それを阻止するために、藤堂が配下の者をスザクの元へ差し向けた。スザクと別れた日、彼の側にいた軍人達がそうなのだろう。
そして、ブリタニアはキョウト六家の温存を条件に、スザクを得た。
そこまでして、スザクを手元に置きたがる理由が解らない。
(だが、目的のためなら自分の子でも平気で殺そうとするあの男の事だ。明確な理由があるに違いない。)
思考に耽る兄を、ナナリーが現実に引き戻す。
「スザクさん、近々社交デビューなさるそうですよ。
政庁で、お披露目のパーティーが開かれるのですって。盛装なさったスザクさんてどんな感じなのかしら。きっと素敵ですよね。」
無邪気にはしゃぐ妹に、そうだねと答えるルルーシュの眼光は、さらに鋭くなるのだった。
「えー。会長、政庁のパーティーに招かれているんですか。」
「すごーい。」
「うっふふふ。殿下直々のお招きよ。」
そう言って、ミレイは皇室のエンブレムの封鑞がされた招待状を、得意げにひらひらさせてみせる。
「殿下直々って……どうして会長が!?」
リヴァルがびっくりした声を上げ、シャーリーはひったくる様にしてその印を確認した。
「この間お見合いに行った先で、たまたま殿下とお話しできてね。」
「見合いって……まさか、スザク殿下とですか?」
リヴァルの声が上ずっている。
「違う違う。軍に所属している貴族の方。そこに、本当にたまたま殿下がいらしたの。」
今にも泣き出しそうなリヴァルに、ミレイが慌てて説明する。
「──まさか。軍の施設で見合いしたんですか。」
「あら。ルルちゃん気になるぅ?」
ミレイが、猫の様に目を細めて笑いかける。
「いえ。ずいぶん変わったところで見合いしたものだと思いまして。」
「見合い相手が、変人で有名な人だからねぇ。」
「そうなんですか?」
興味津々で聞いて来るシャーリーに頷く。
「会ってすぐにプロポーズされちゃった。」
「えーっ!?」
それには、全員が驚きの声を上げる。リヴァルに至っては、悲鳴にしか聞こえない。
「だから、この招待状もその婚約者に配慮してだと思うけど。」
「ねえねえ。会長。スザク殿下って、どんな感じの方でした?」
「とても爽やかな感じの方よ。物腰も柔らかで穏やかで…何よりイイ男よね。」
「いいなあ。」
指をくわえてうらやましがるシャーリーに笑いかけたミレイは、会話に殆ど参加して来ていないカレンに声をかける。

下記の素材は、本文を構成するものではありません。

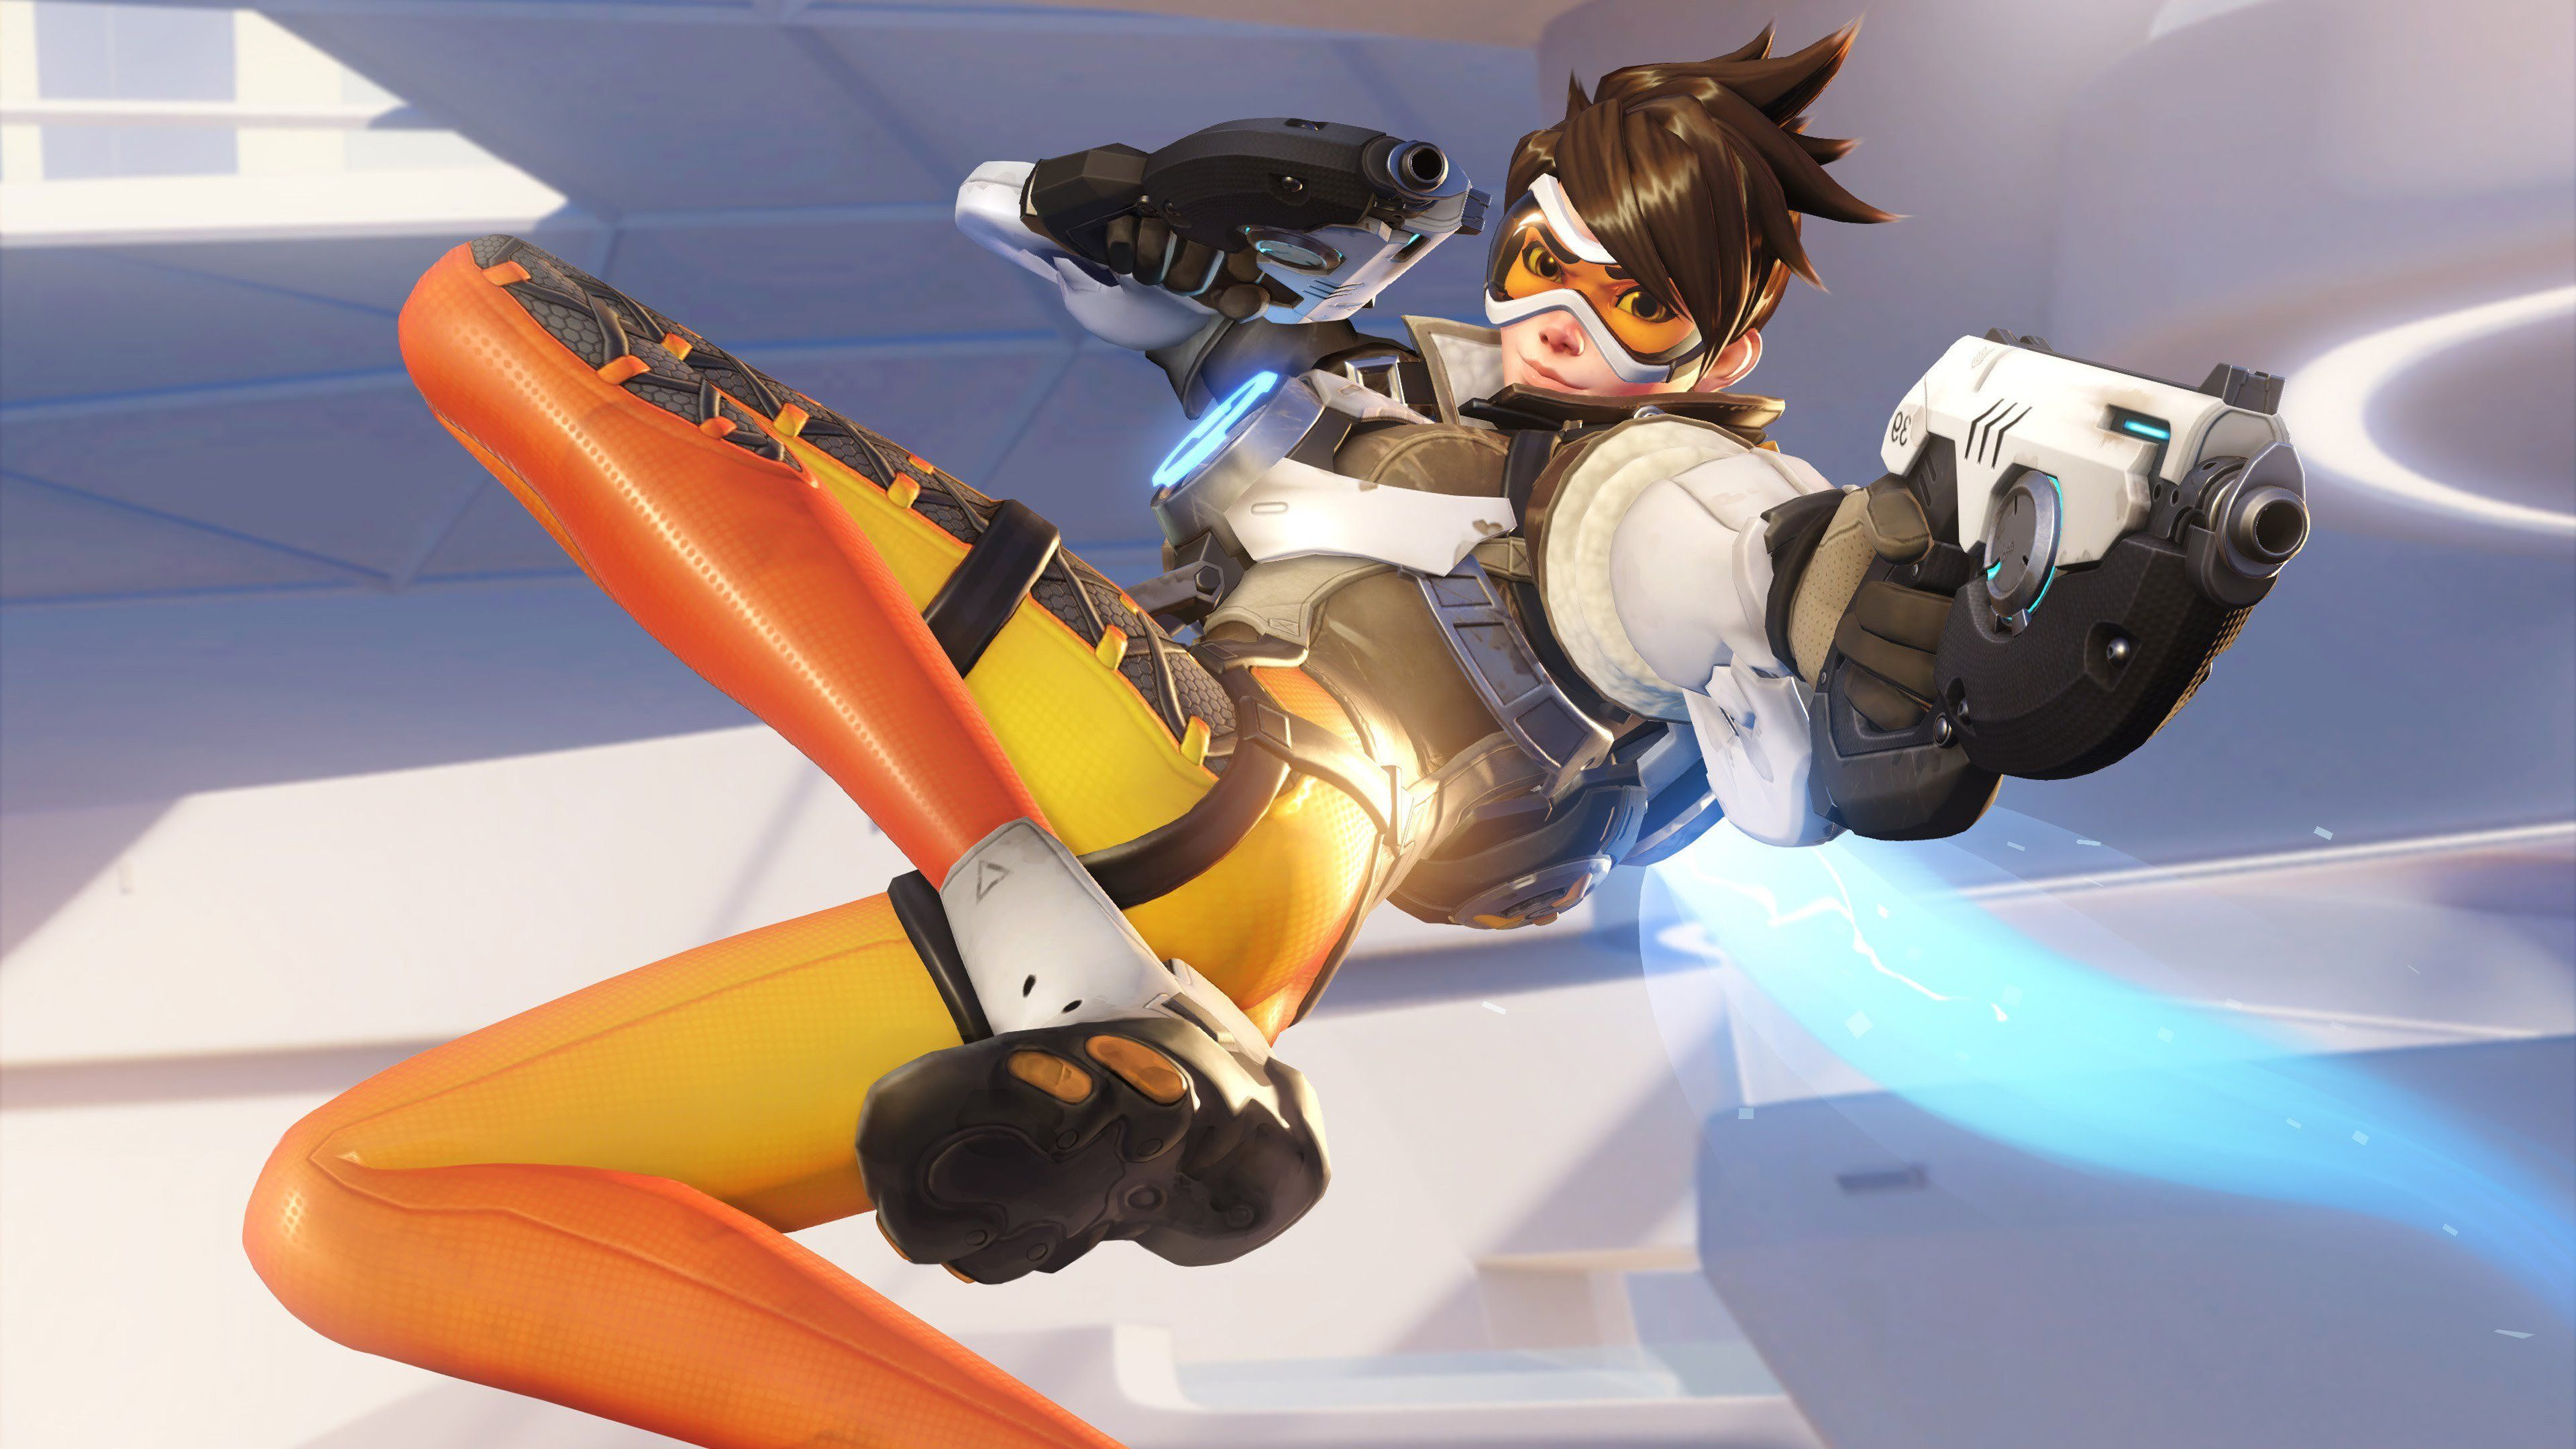 3840x2160 Overwatch Tracer xbox games wallpapers, ps games wallpapers, pc games wallpapers, overwatch wallpapers, games w&acirc;&#128;&brvbar; | Overwatch tracer, Overwatch wallpapers, Overwatch
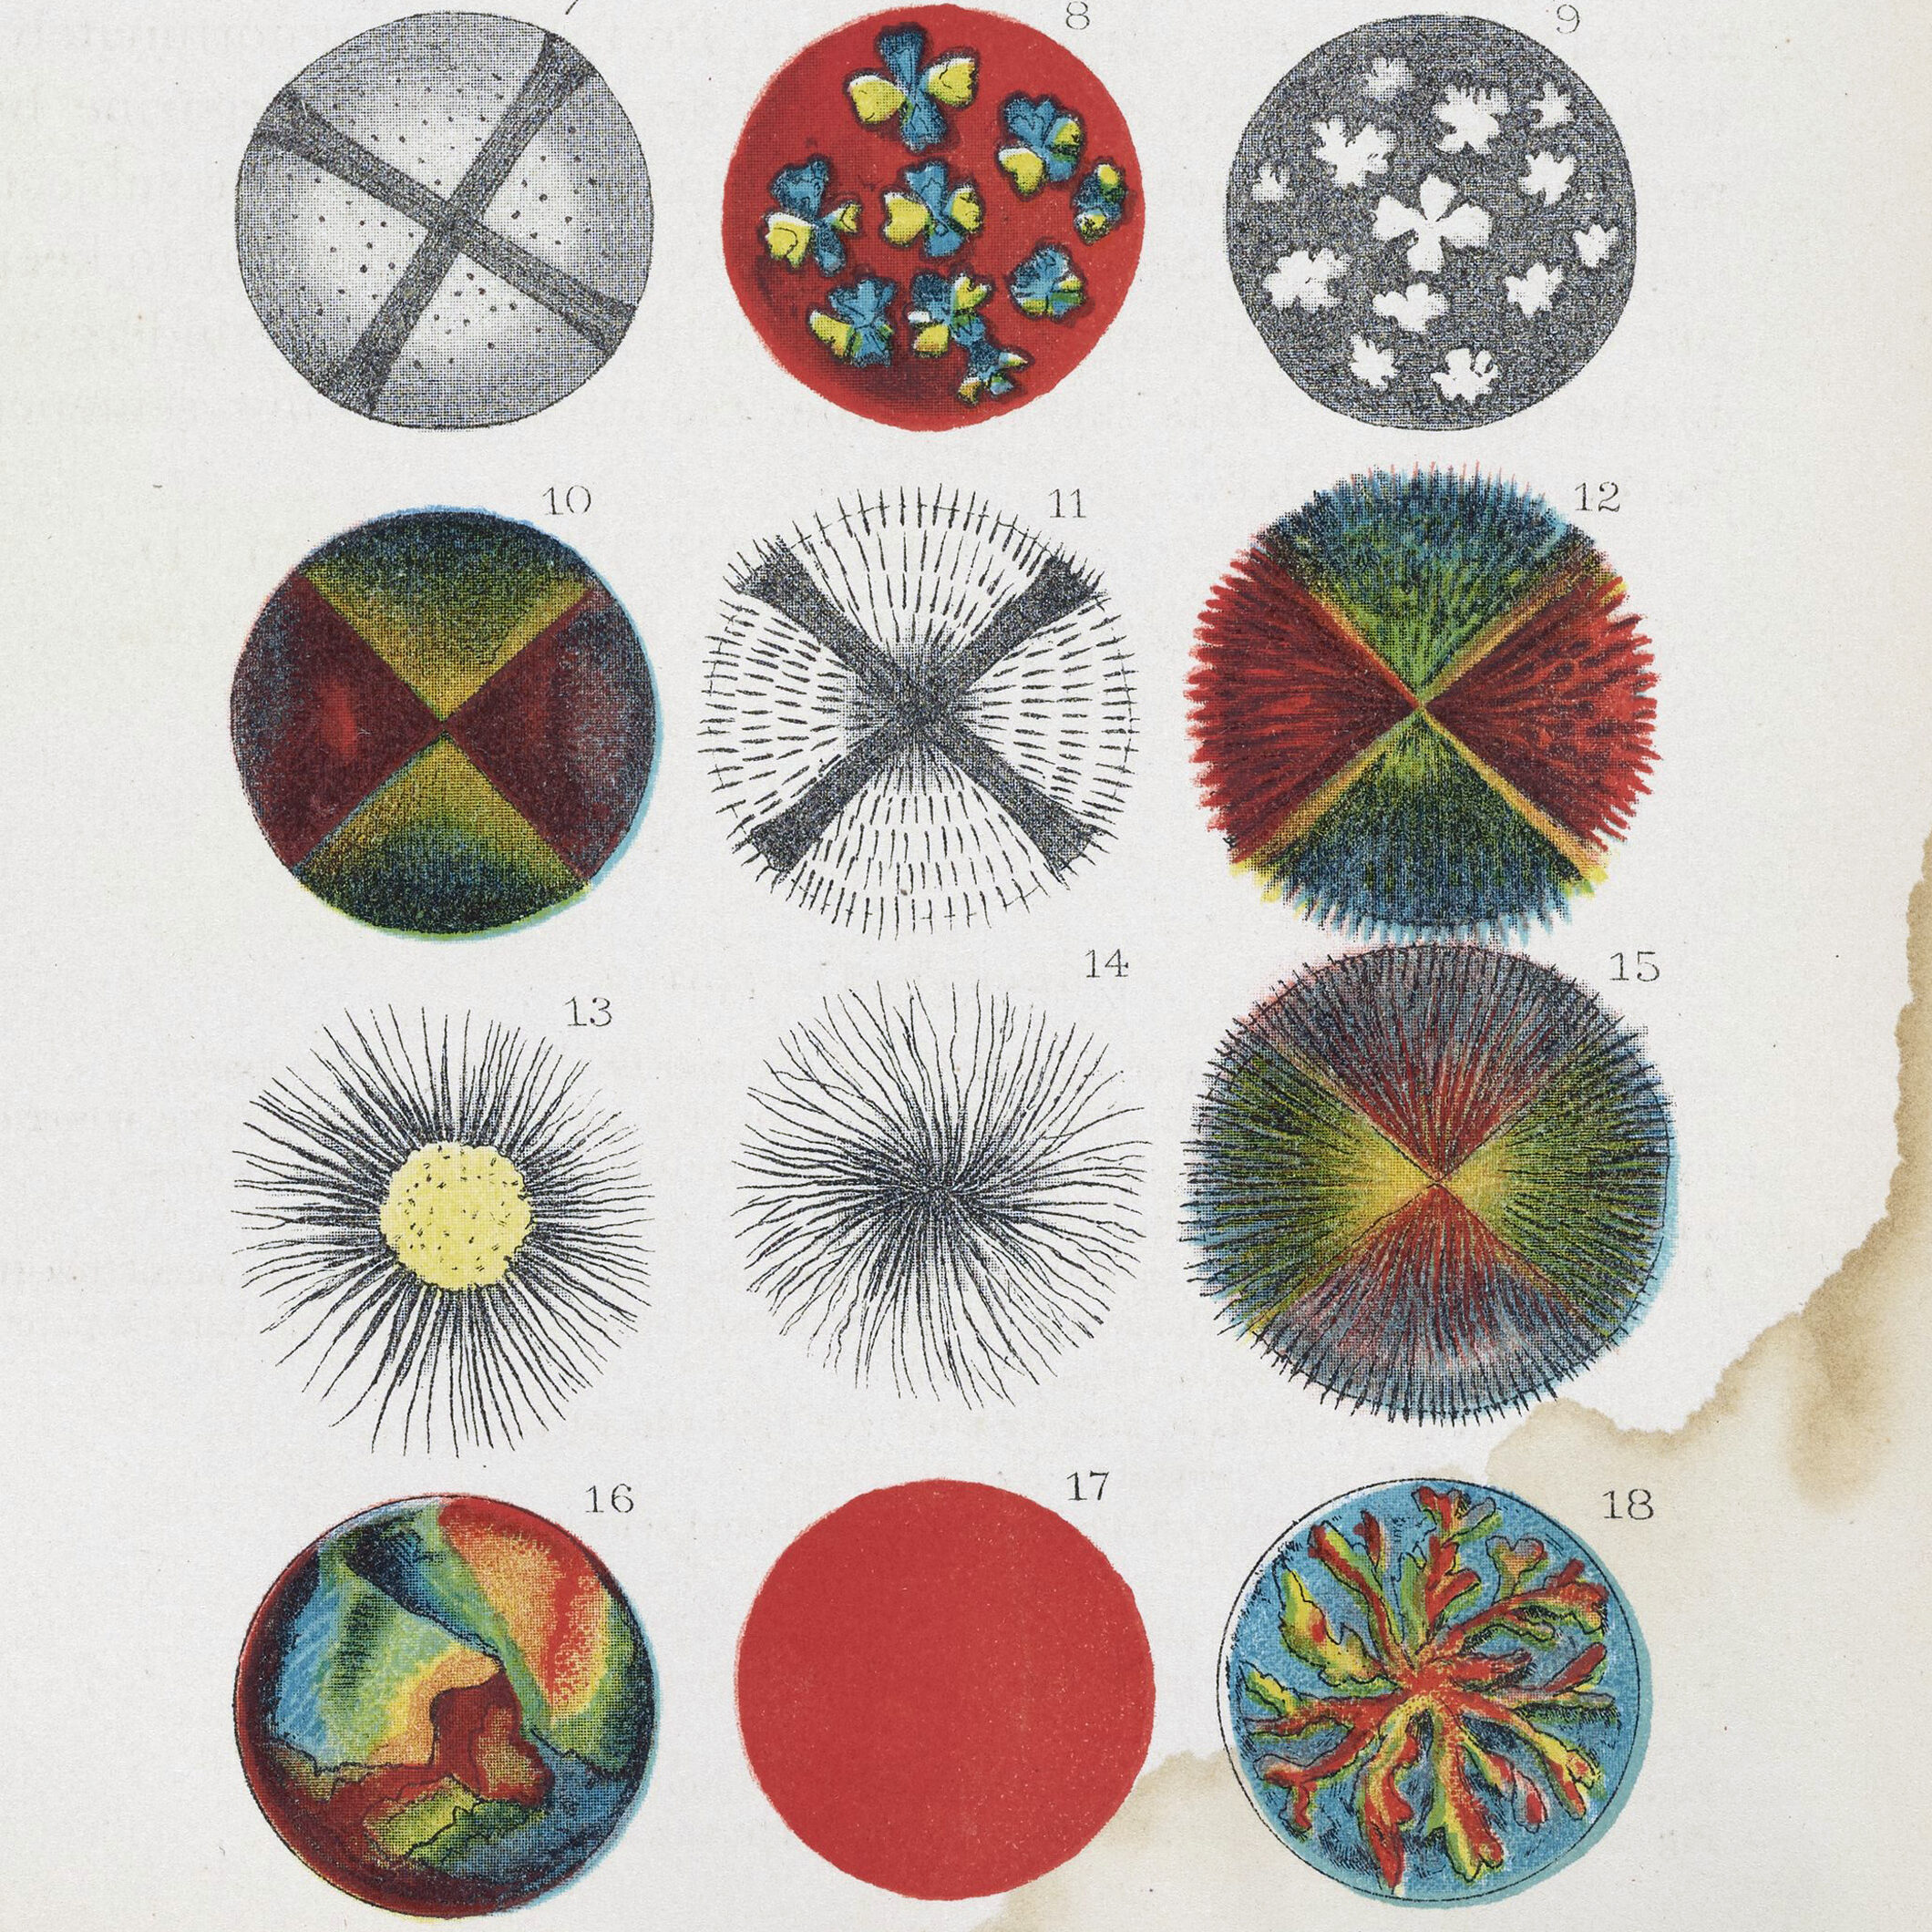 Twelve colorful illustrations from 1886 of various fats under a microscope.

「カレンも招待されているんじゃない?エリアの有力貴族には招待状が行っているていう噂よ。」
「……ええ…父宛に来ていて。義母に一緒に行く様に言われていますけど……私、人が大勢いるところは苦手で……」
「だったら、一緒に行きましょ。実は、私1人で行くのはなんだか怖くて……招待状には、ご友人とご一緒に…て、一筆書いて下さってるし。」
お願い。と、ウルウルした目で見つめられ、カレンも渋々頷く。
「──いいですけど……私、パーティーとか本当に苦手で……」
「大丈夫よ。一緒に来てくれれば、私がリードするから。」
「はあ。」
じゃあ決まりね。と、楽しそうに笑うミレイに、カレンは溜息を漏らした。